[Opening The data section]

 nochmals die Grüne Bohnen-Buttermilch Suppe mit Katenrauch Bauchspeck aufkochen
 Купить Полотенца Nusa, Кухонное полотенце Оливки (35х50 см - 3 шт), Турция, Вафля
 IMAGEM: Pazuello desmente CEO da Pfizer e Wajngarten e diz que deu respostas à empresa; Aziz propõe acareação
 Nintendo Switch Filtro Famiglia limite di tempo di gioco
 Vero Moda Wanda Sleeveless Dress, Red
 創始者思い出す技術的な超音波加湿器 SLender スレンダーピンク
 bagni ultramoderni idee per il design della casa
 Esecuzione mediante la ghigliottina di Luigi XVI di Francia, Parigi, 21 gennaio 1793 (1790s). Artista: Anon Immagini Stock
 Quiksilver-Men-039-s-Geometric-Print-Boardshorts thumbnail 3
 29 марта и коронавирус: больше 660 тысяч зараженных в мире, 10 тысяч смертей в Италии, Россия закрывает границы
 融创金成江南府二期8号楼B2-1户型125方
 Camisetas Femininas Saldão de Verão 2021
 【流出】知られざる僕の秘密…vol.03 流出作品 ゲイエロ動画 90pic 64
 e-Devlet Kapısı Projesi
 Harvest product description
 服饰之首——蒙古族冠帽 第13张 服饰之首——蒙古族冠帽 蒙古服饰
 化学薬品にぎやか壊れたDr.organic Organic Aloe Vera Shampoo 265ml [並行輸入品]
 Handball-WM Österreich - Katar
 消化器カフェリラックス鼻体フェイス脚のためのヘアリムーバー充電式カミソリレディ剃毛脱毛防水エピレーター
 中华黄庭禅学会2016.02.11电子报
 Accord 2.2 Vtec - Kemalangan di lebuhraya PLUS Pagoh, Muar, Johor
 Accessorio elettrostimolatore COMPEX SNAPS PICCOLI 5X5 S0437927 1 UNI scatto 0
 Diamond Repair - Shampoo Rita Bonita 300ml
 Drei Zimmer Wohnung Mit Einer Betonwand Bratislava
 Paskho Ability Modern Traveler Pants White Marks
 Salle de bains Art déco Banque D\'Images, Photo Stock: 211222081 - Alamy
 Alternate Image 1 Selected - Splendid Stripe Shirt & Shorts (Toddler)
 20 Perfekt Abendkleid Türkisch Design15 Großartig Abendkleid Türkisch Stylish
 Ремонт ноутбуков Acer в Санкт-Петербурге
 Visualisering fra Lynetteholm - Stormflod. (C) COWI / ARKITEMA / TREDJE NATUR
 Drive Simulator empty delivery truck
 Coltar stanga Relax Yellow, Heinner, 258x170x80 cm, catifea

[Closing The data section]

__Exercise__:
Where does the string "Stock" occur in the data above? Copy every line that holds it.

__Task output__:
 Esecuzione mediante la ghigliottina di Luigi XVI di Francia, Parigi, 21 gennaio 1793 (1790s). Artista: Anon Immagini Stock
 Salle de bains Art déco Banque D\'Images, Photo Stock: 211222081 - Alamy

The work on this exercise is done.